I am trying to vectorize a loop, and adding the turbo gives slightly different results. The code does not rely on specific execution order as is the case with the example in the post below:
I have pasted a MWE below. Are such small differences expected due to @turbo, or am I doing something wrong?
using LoopVectorization
global ans1 = 0.0e0
@turbo for i = 1:1000000
ans1=ans1+sqrt(i)
end
println(ans1)
global ans2=0.0e0
for i = 1:1000000
global ans2
ans2=ans2+sqrt(i)
end
println(ans2)
println(ans1-ans2)
To expand on this a little bit: Floating point addition is not associative ((a + b) + c may return something different than a + (b + c)). Since @turbo is allowed to reorder the loop operations, you may therefore get slightly different results.

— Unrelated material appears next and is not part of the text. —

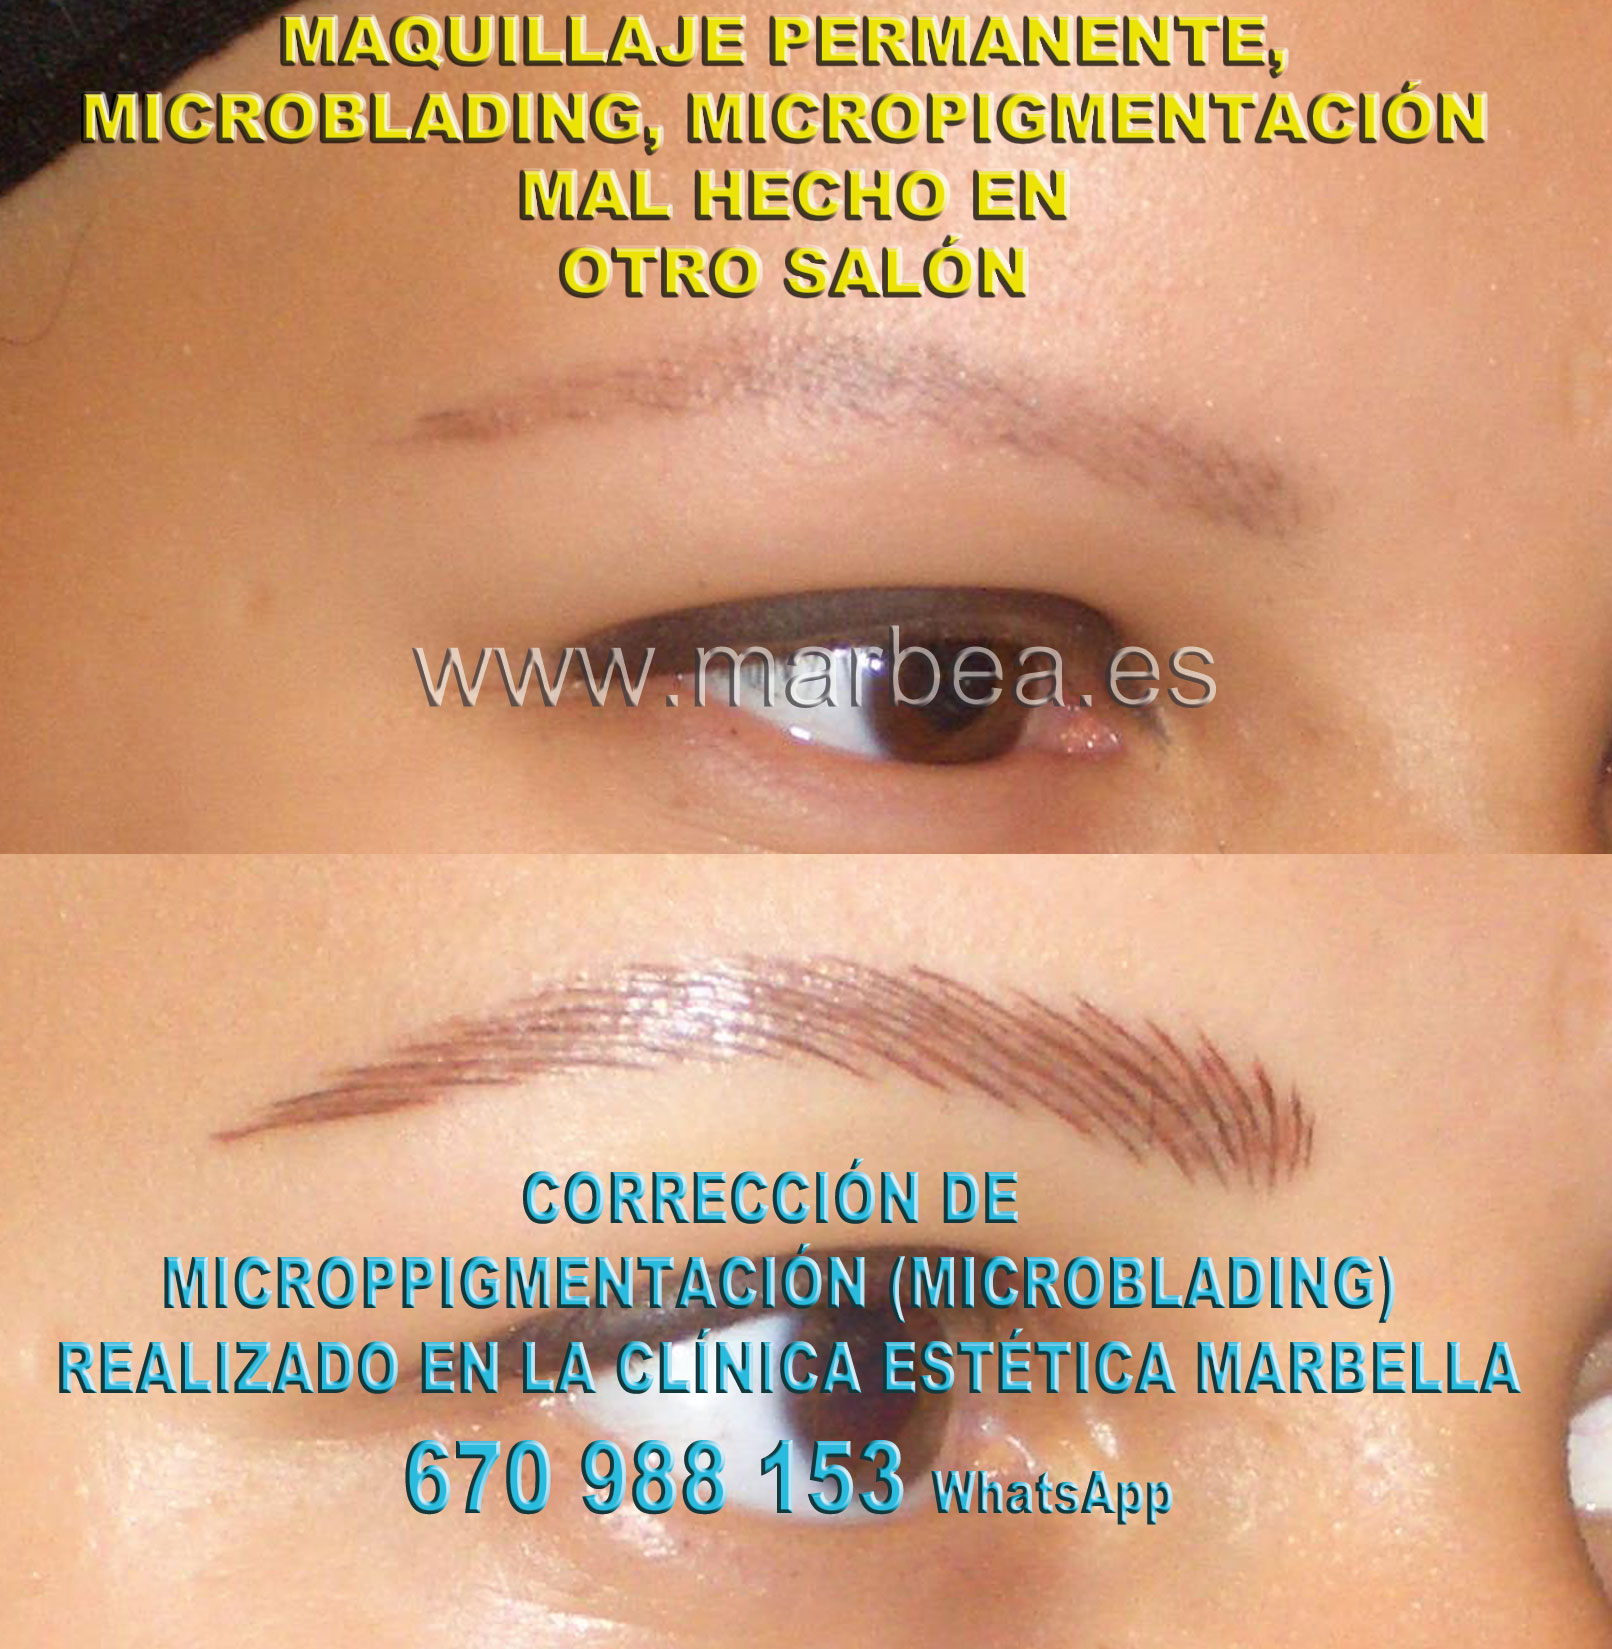 ELIMINAR TATUAJE CEJAS clínica estética maquillaje semipermanente ofrenda como aclarar la micropigmentación cejas,micropigmentación correctiva cejas mal hecha

NB: Reading from and writing to non-constant global variables in a hot loop is never a good idea if you care about performance, so avoiding this first should give much larger performance improvements than just throwing @turbo on your loops.
@turbo will at least add a function barrier, so that it should be fast, even at global scope.
That is, you should only pay the cost of a few dynamic dispatches for the code it generates outside the barrier, which is O(1) w/ respect to the number of loop iterations.
FWIW, it should be the more accurate of the two in this example on average.
Try comparing with BigFloat and see which was closer.
Thanks a lot. I was not sure it was due to the floating point error. My concern was that using @turbo macro in my code could lead to a large error in certain circumstances. But now that I know it is due to the floating point error, I am not that worried.